Entre todas las realidades que observamos sobre el
Calvario, predomina sin duda, el gran sufrimiento y el inmenso amor que colman
el Corazón de Jesús. Ellos son siempre vivísimos y donde uno sobresale, el otro
se muestra grande y generoso.
Pero, para contemplar estos dos sentimientos, no
sólo debemos recordar a Jesús en el Getsemaní, porque ellos están ya presentes
en Él, desde su Encarnación.
Y si el dejarse a sí mismo en la Eucaristía, fue la
prueba más bella de Amor ofrecida a los hombres, el dolor no es menos evidente
cuando es traicionado por Judas y por tantos otros que después lo seguirían.
Comencemos mirándolo en el momento en que se despide
de la Madre Dolorosa, y se aleja de los discípulos, en el Huerto de los Olivos,
vencido por el dolor. Las traiciones, los insultos, los oprobios, los flagelos,
las espinas, la cruz, los clavos, la muerte, todo el amarguísimo cáliz se le
presentan allí.
El había deseado intensamente esta hora desde
siempre, pero ahora su humanidad sufre
todo su peso. Comienza, por tanto, a tener miedo y a temblar. Una afanosa
tristeza se apodera de Él; comenzó a
temblar y a tener miedo. Comenzó a estar triste y dolorido[2]. Y dice: “mi alma está triste hasta la muerte”[3]. Y vuelto al Padre,
agrega: “Padre, si es posible, aleja de mí este cáliz”[4]. Pero el Padre no lo escucha y no responde.

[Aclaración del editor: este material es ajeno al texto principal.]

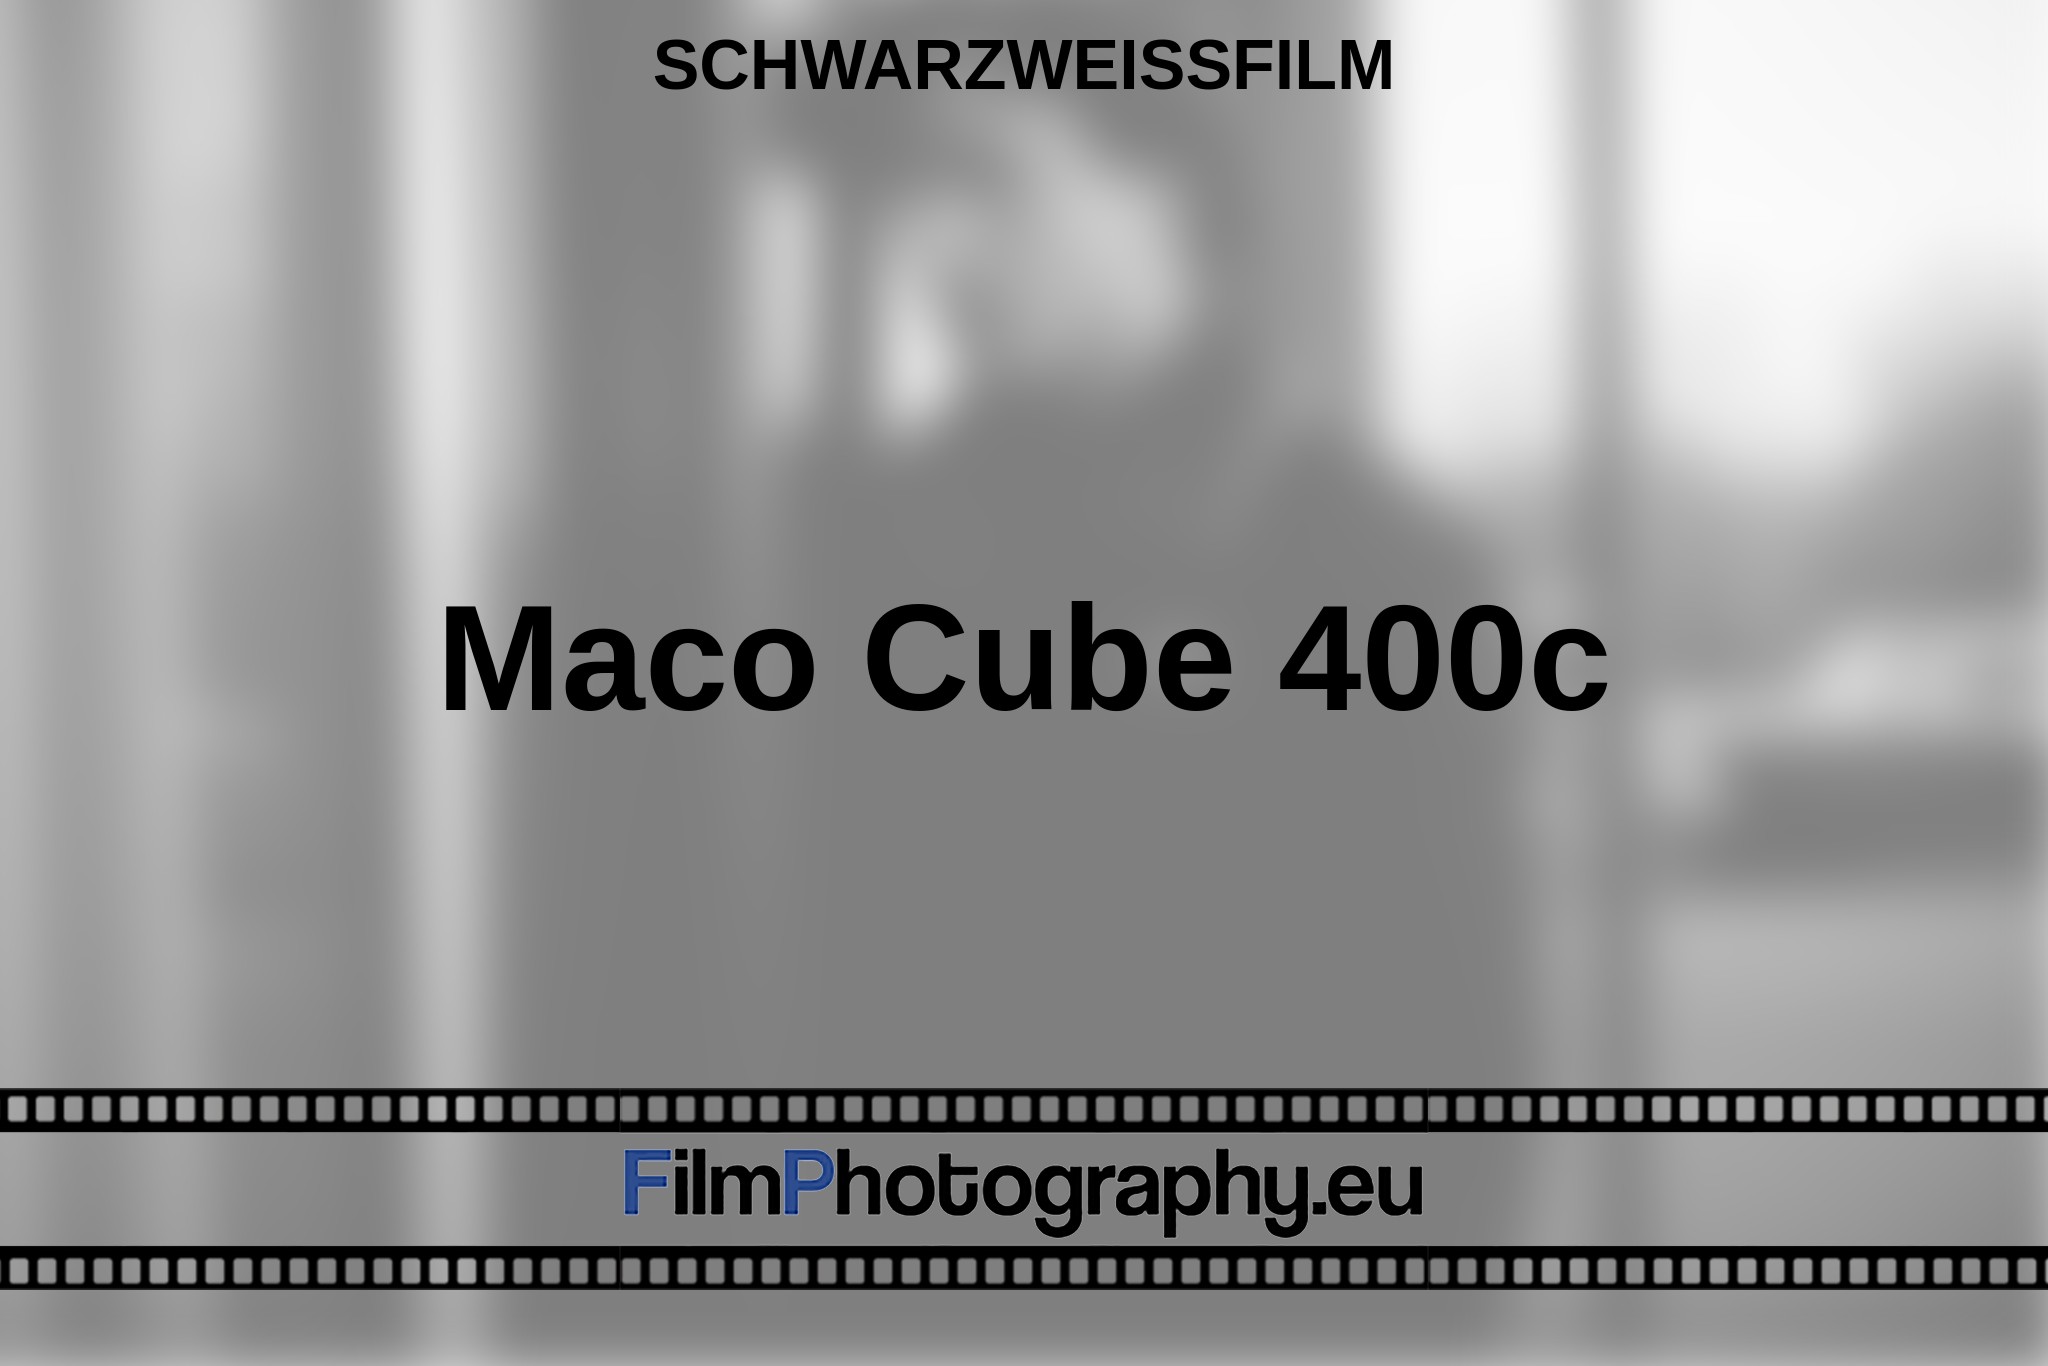 maco-cube-400c-schwarzweißfilm-bnv.jpg

Va a buscar consuelo en los discípulos, poco
distantes de Él, pero los encuentra sumergidos en el sueño, incapaces de
sostenerlo, y vuelve a refugiarse en la oración al Padre.
Se presentan a su mente imágenes todavía más
desilusionantes: ve delante de sí todos los pecados de los hombres. Muchos
rechazan su amor, no acogen la
salvación, continúan obstinadamente
viviendo en el odio, en las traiciones, en la deshonestidad, en los
sacrilegios, en las herejías, en la impiedad, en la hostilidad a sus
enseñanzas. Jesús ve delante de sí mis
pecados, los tuyos, los de cada uno y los de todos nosotros.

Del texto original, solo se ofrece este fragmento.